AI search drives a surge—but leaves strategy in doubt
Semrush: ChatGPT and other LLMs sent 183,000 daily visits to 20 major retailers over Black Friday, 8x year-ago. CMOs weigh AI search optimization vs SEO.
Overview
Marketers eye AI assistants as a new traffic source, but the playbook isn’t settled.
Black Friday surge in AI‑referred traffic
Over Black Friday weekend, websites for 20 major retailers—including brands such as Best Buy and Etsy—saw a notable lift from AI tools. Those sites averaged 183,000 visits per day referred by ChatGPT and other large language models, according to marketing software firm Semrush. While that volume remains small next to conventional search traffic, it was nearly eight times higher than last year’s daily average. In 2023, some retailers recorded anywhere from zero to only the low hundreds of daily visits from AI tools.
The CMO dilemma: optimize for AI assistants or stick to SEO?
The spike is sharpening a key question for chief marketing officers: Should they overhaul search strategies for AI assistants, or treat “AI search optimization” as an add-on to traditional SEO? CMOs are exploring how brand content can appear in AI-generated answers, especially as consumers query tools like ChatGPT for product ideas and where to buy.

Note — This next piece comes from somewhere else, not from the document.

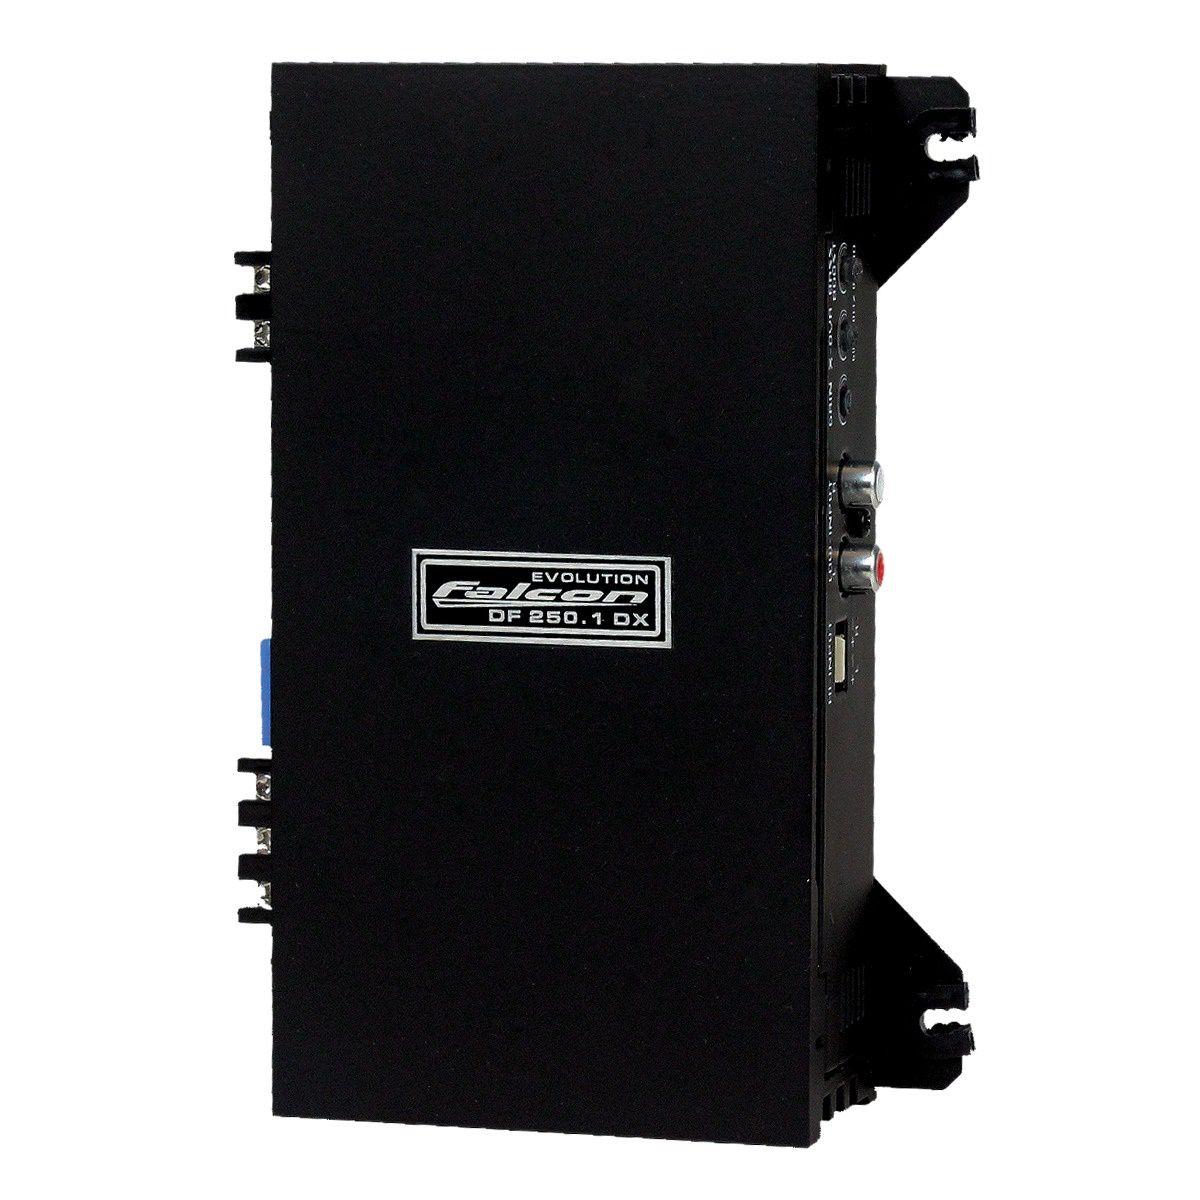 Módulo Amplificador Falcon DF250.1DX 250W Rms 2 Ohms 1 Canal Especifico para Subwoofer

What the data suggests so far
For now, the data suggests two truths can coexist. AI assistants are beginning to send meaningful traffic, particularly during peak shopping periods. Yet the channel is still nascent and far from rivaling the scale of classic search engines. Marketers weighing budgets must decide whether to invest in dedicated AI search tactics or adapt existing SEO fundamentals to this emerging surface.
Bottom line
AI-driven referrals are real and growing, but they’re not a replacement for traditional search—at least not yet. The next phase will reveal whether AI search becomes a core acquisition channel or remains a complementary layer on top of SEO.